The program outputs:

Rh[L:f4]ne, 42 [S:a7], price [$:a3]50

Some old Java implementations classify characters with gc values Pi or Pf as if the values were Ps or Pe, respectively. Therefore, they are unable to recognize the predefined names INITIAL_QUOTE_PUNCTUATION and FINAL_QUOTE_PUNCTUATION.

11.3.4. Naïve Processing

In old programs, character data is often processed in a naïve manner that assumes a particular character code, typically ASCII. You might even see code like ch == 32, which tests for a character being a space, using the ASCII code, instead of the more natural and more portable ch == ' '.

Suppose that the variable ch contains a single character and we wish to test whether the value is a letter. The following style (exemplified here using the C language notation) is often used in old software:

if( ((ch >= 'A') && (ch <= 'Z')) ||  ((ch >= 'a') && (ch <= 'z')) ) ...

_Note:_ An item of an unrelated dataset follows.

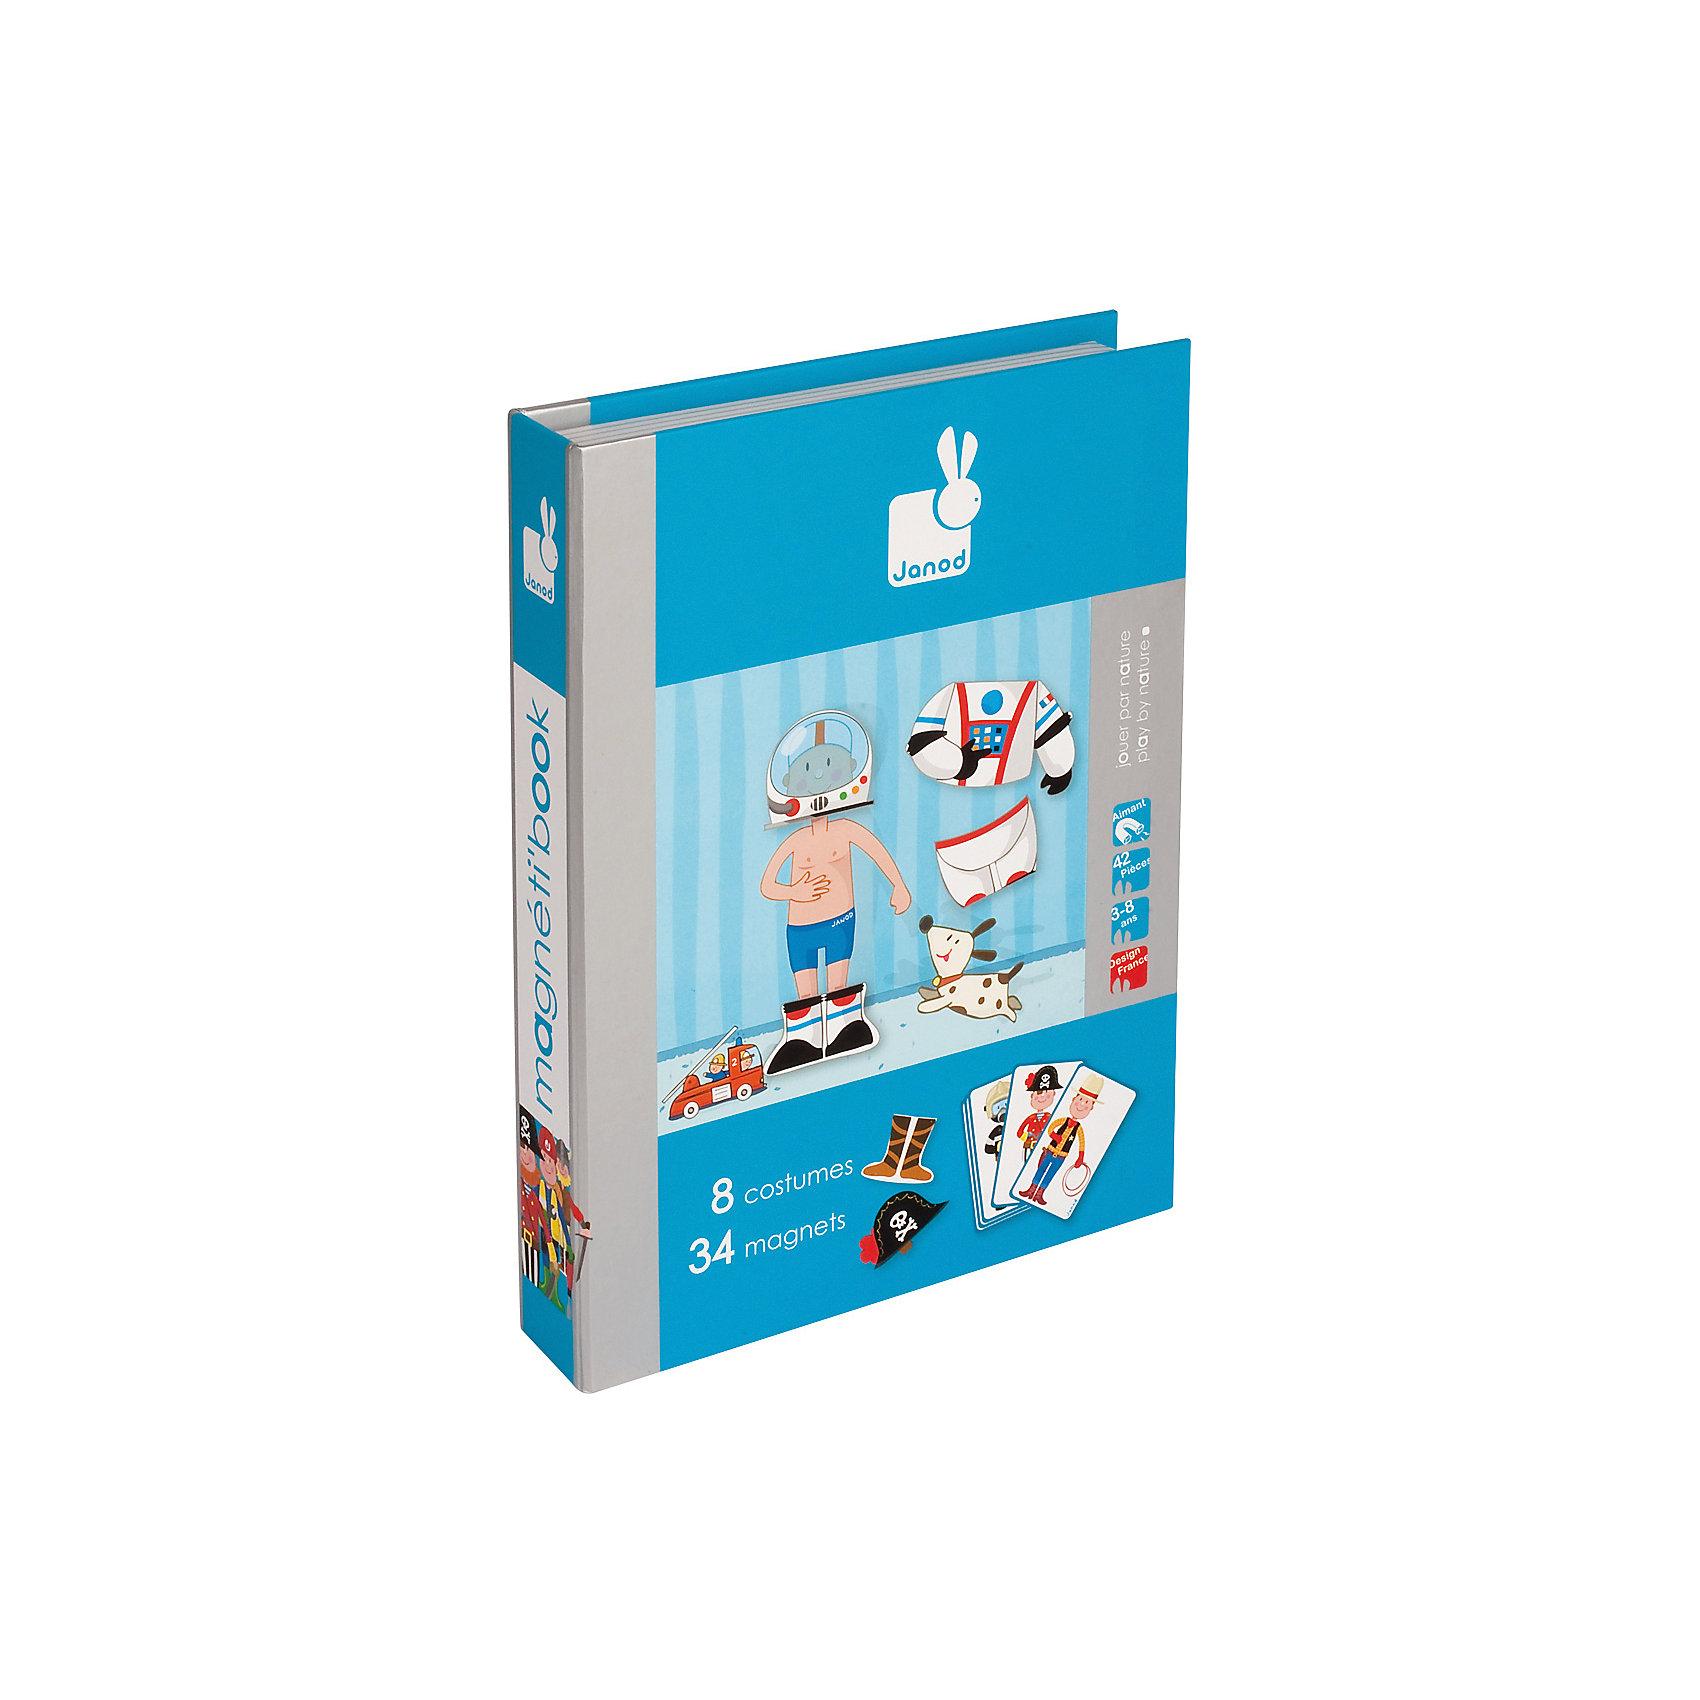 "Магнитная книга-игра ""Мальчишки в костюмах"", Janod от myToys"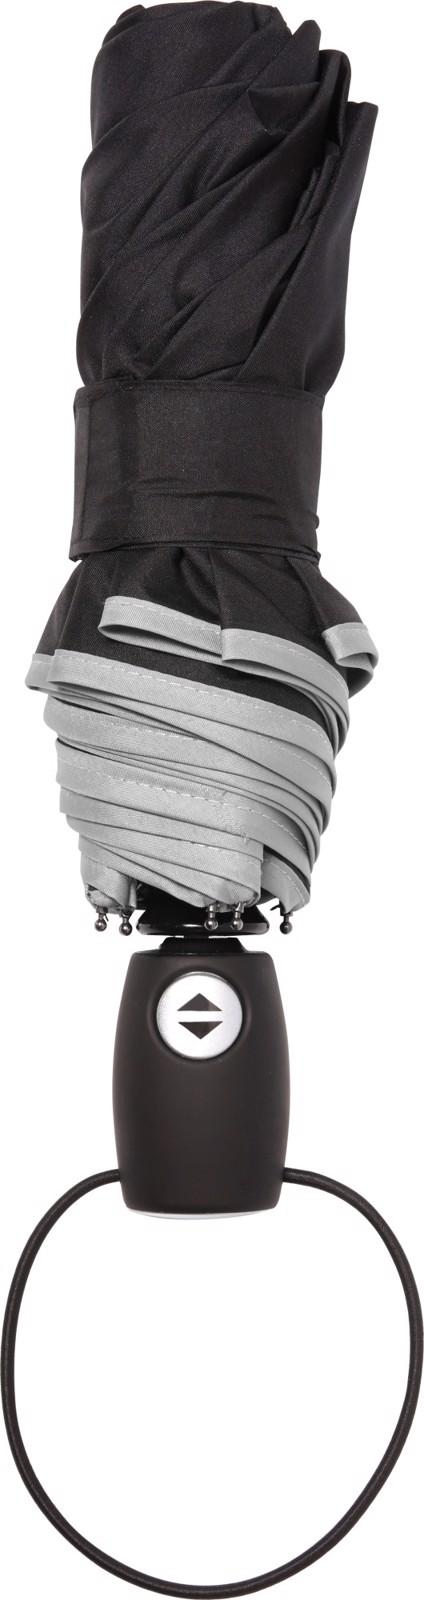 Pongee (190T) umbrella - Light Grey

Here, && means "and" and || means "or," and the expression operates on comparisons that test whether the character's code number is between the code numbers of "A" and "Z" or between the code numbers of "a" and "z." Generally, in programming languages, comparisons of character values operate on the code numbers of characters.

If the data contains only basic Latin letters, the naïve approach works in most cases. The reason is that in most character codes, those letters are in alphabetic order and consecutivei.e., there is nothing but letters between "A" and "Z" or between "a" and "z" in the code. However, the assumption is not correct for the EBCDIC code, as described in Chapter 3.

A more serious problem is that the approach fails for letters with diacritic marks, or for other than basic Latin letters in general. It would be awkward to write code that compares a character value against all the possible letters that might appear in Unicode data. A modern approach, which has been good style for a long time, is to use subprogram (function) calls that test such things. For example, in C, using the standard function library that you may refer to by using #include <string.h> in your program, you can write as follows:

if(isletter(ch)) ...

This is both simpler and more robust. However, it makes the program depend on the definition of the isletter function, which can be locale-dependent. This can be a problem or an asset (see the section "Using Locales" later in this chapter).